Several barrages of rockets were also launched towards communities in southern and central Israel, triggering sirens and causing residents to run to shelters.
"We've got 30 seconds to literally get in [the safe room]," Beverly Jamil, who lives in Ashkelon, 12km north of Gaza, told the BBC .
"You can be anywhere - parking the car, in the middle of cooking, in the shower, you've got 30 seconds to get in here, close the door and wait and we have to make sure that we're all in, ie the whole family, me, my husband, my two girls and the three dogs."
Israel's Magen David Adom (MDA) ambulance service said there was a direct hit on an apartment building in Rehovot, about 21km south of Tel Aviv, killing one person. It said five people have been wounded by rockets and 16 injured running to shelters since the rocket fire began on Wednesday.

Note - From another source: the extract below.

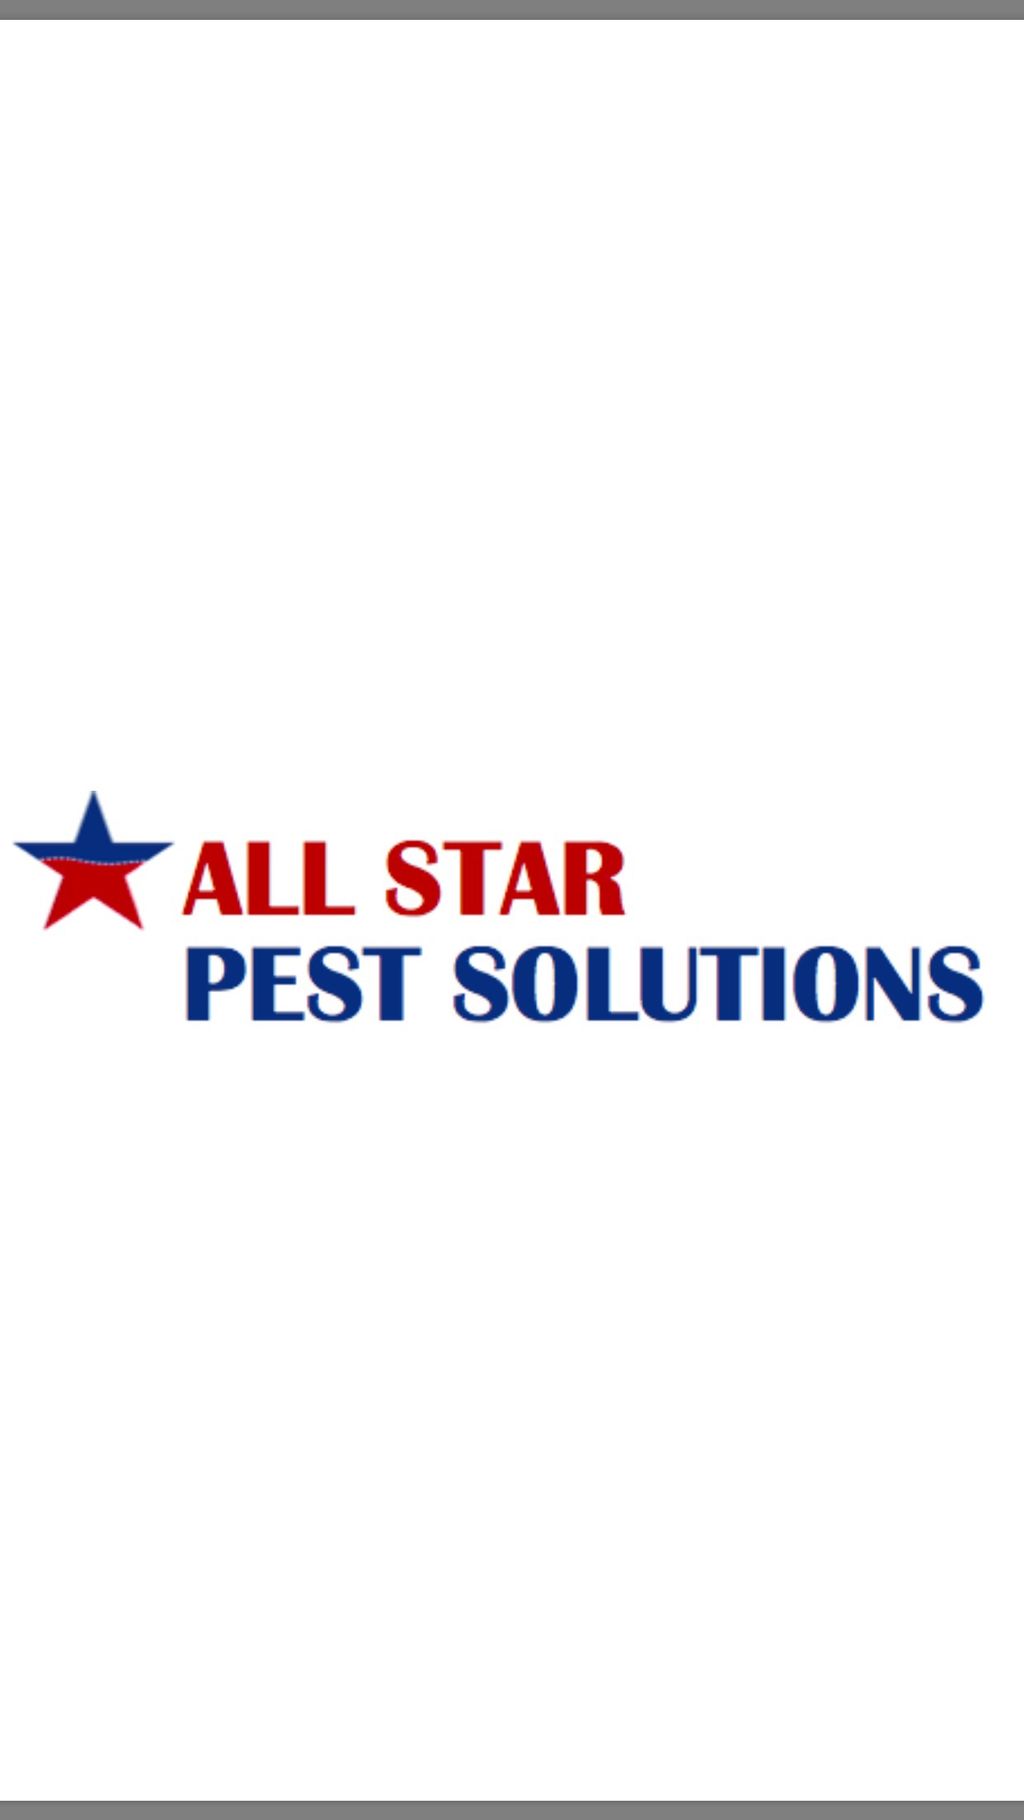 All Star Pest Solutions | Albany, NY | Thumbtack

Earlier, a spokeswoman for UN Secretary General António Guterres said he condemned "the civilian loss of life, including that of children and women, which he views as unacceptable".
This week's fighting is the heaviest since three days of hostilities between Israel and PIJ last August, in which 49 Palestinians were killed in Gaza.
Meanwhile, tensions remain high in the occupied West Bank.
The Palestinian health ministry there said a 66-year-old Palestinian man was killed by Israeli forces during a raid on the Nur Shams refugee camp, near Tulkarm. The IDF said its troops returned fire after one was shot and lightly wounded by gunmen.
Additional reporting by David Gritten in London
Update 12 May 2023: This story has been updated to say that the Israeli civilian killed in Rehovot was a woman and not a man, as initial reports stated.